Give back the data below word for word. Any image in it should be left out.

◆ **Data extract**:
────────────────
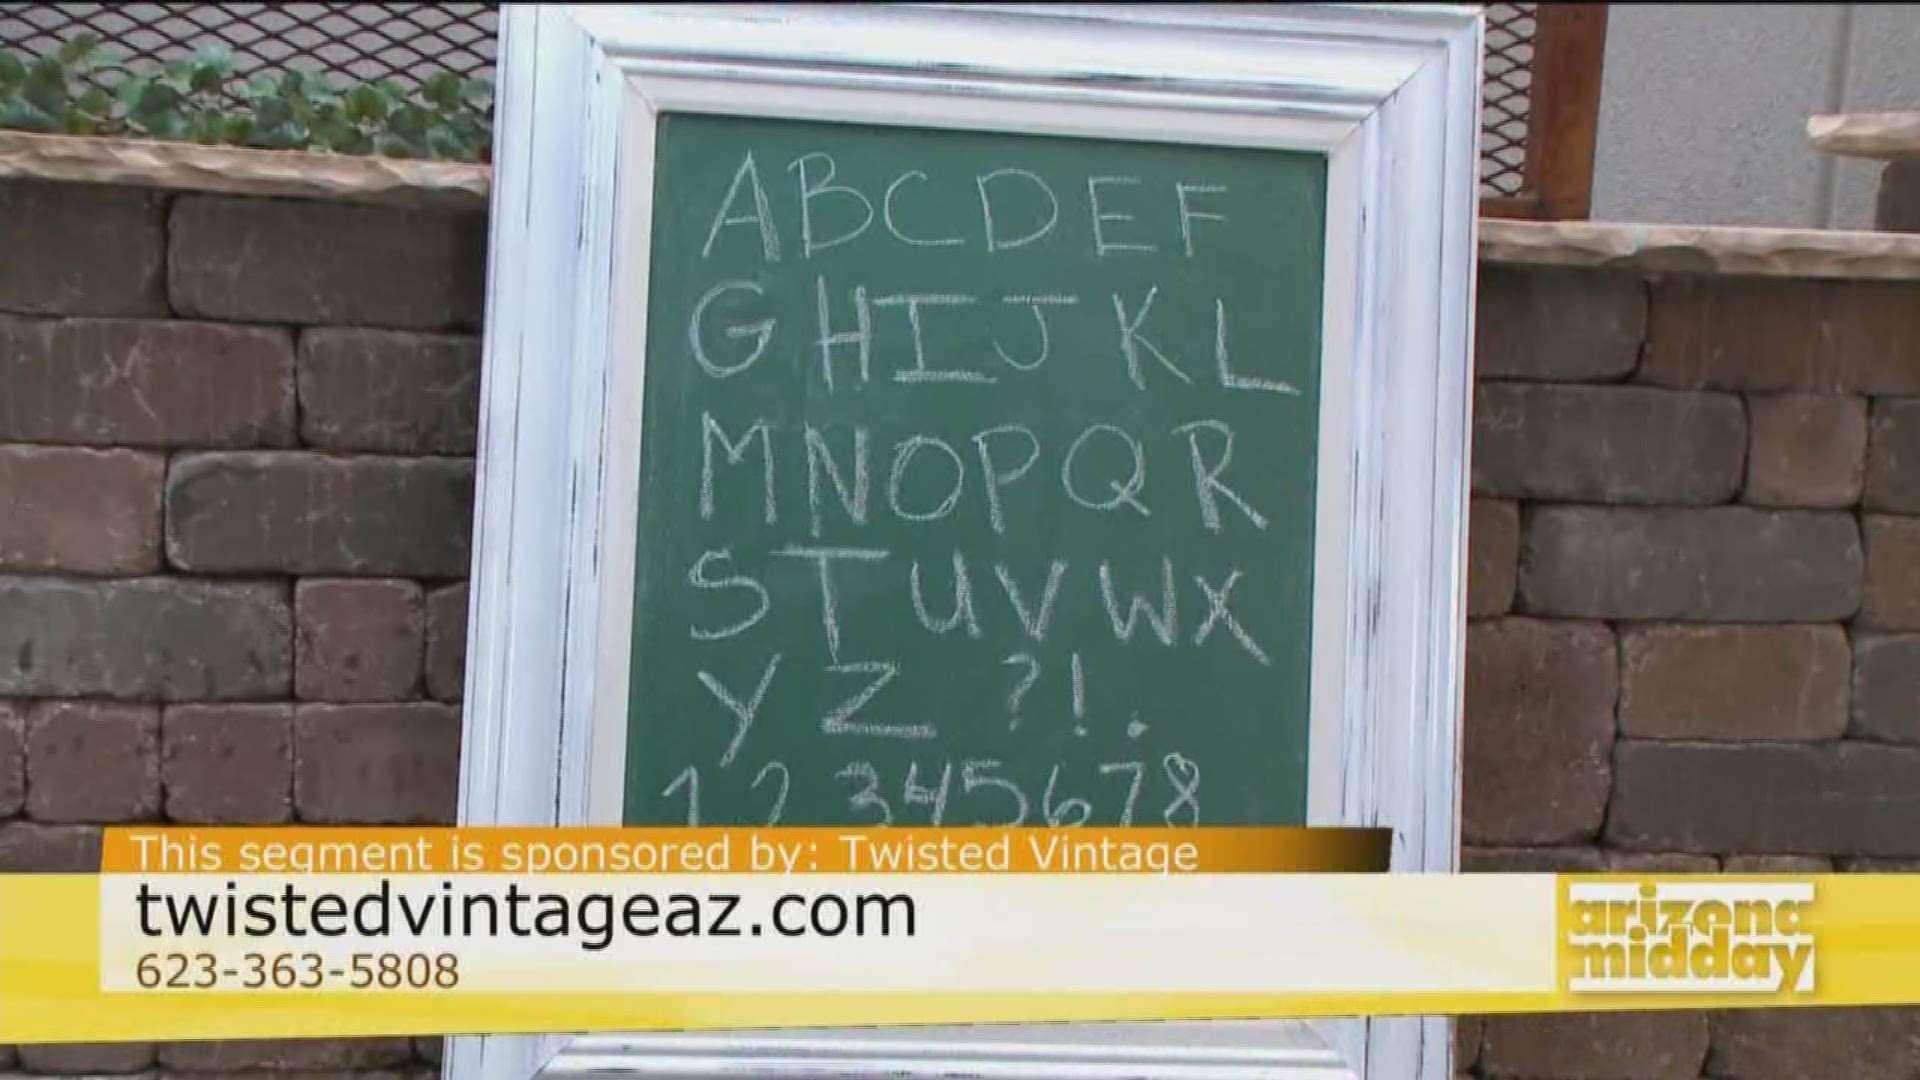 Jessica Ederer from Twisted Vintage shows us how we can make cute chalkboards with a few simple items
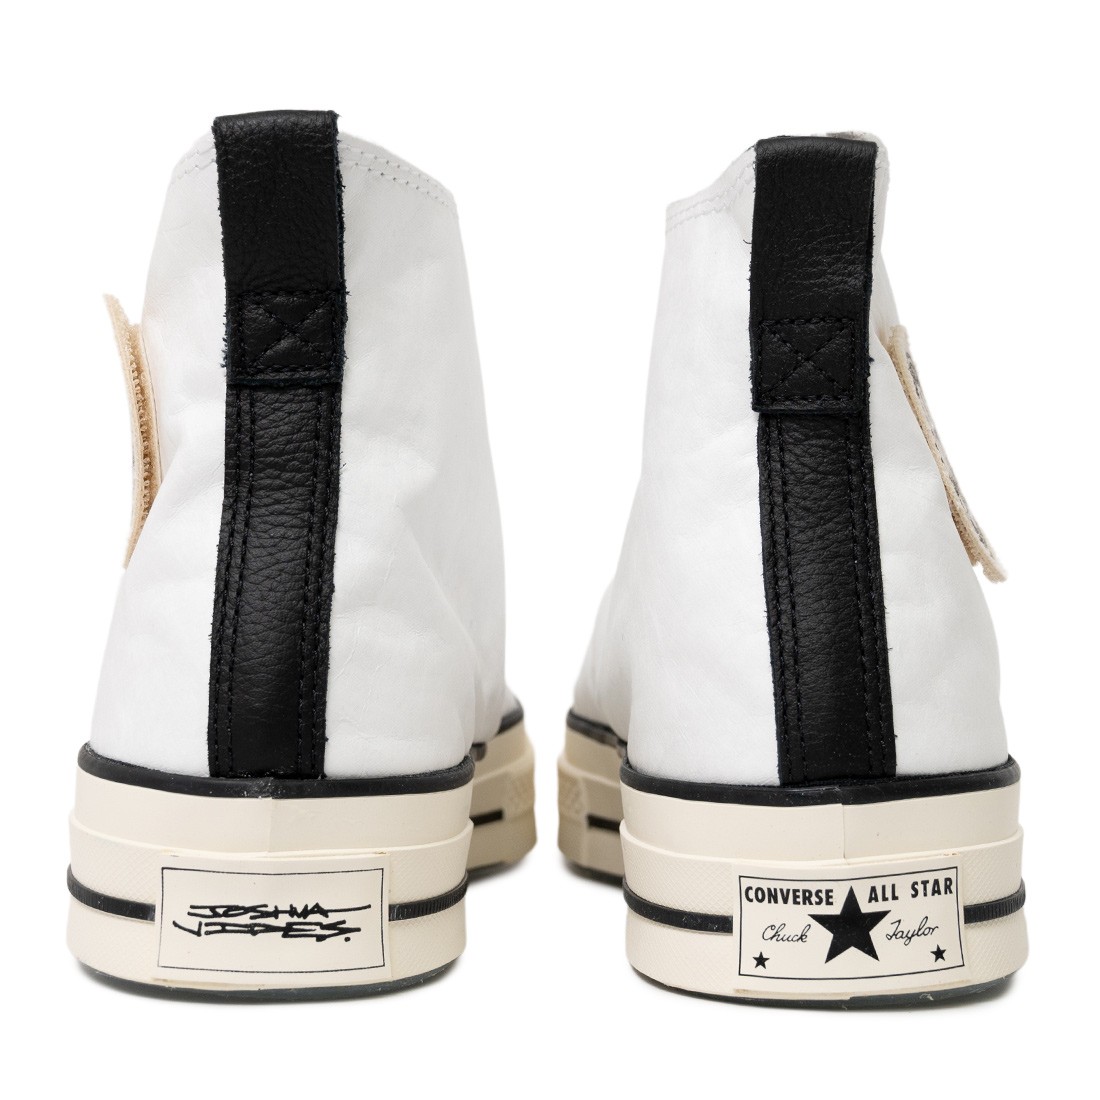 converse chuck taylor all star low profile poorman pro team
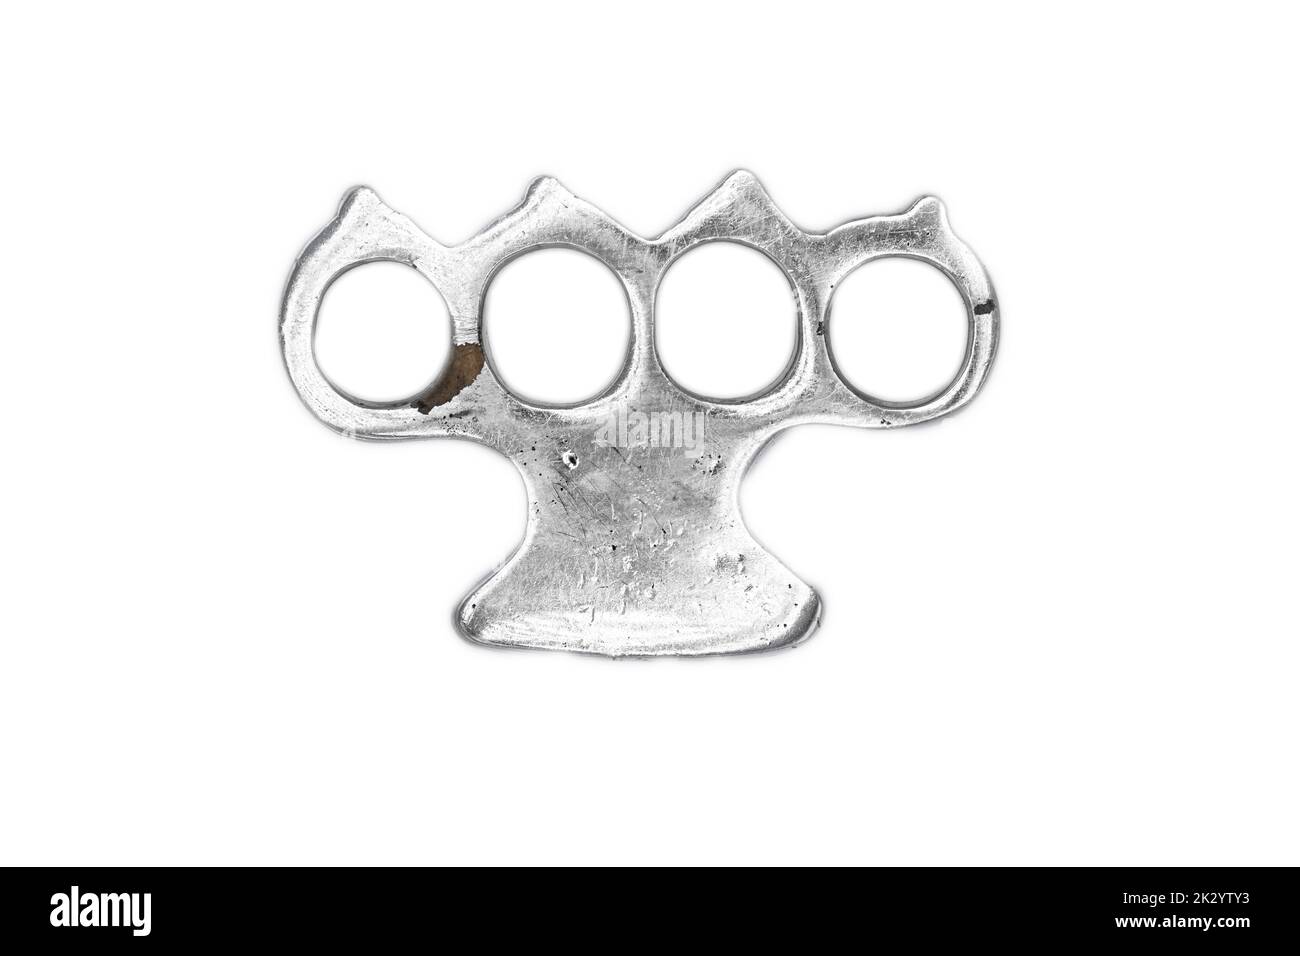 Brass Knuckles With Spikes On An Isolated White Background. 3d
────────────────
◆ **Answer area**:
 Jessica Ederer from Twisted Vintage shows us how we can make cute chalkboards with a few simple items
 converse chuck taylor all star low profile poorman pro team
 Brass Knuckles With Spikes On An Isolated White Background. 3d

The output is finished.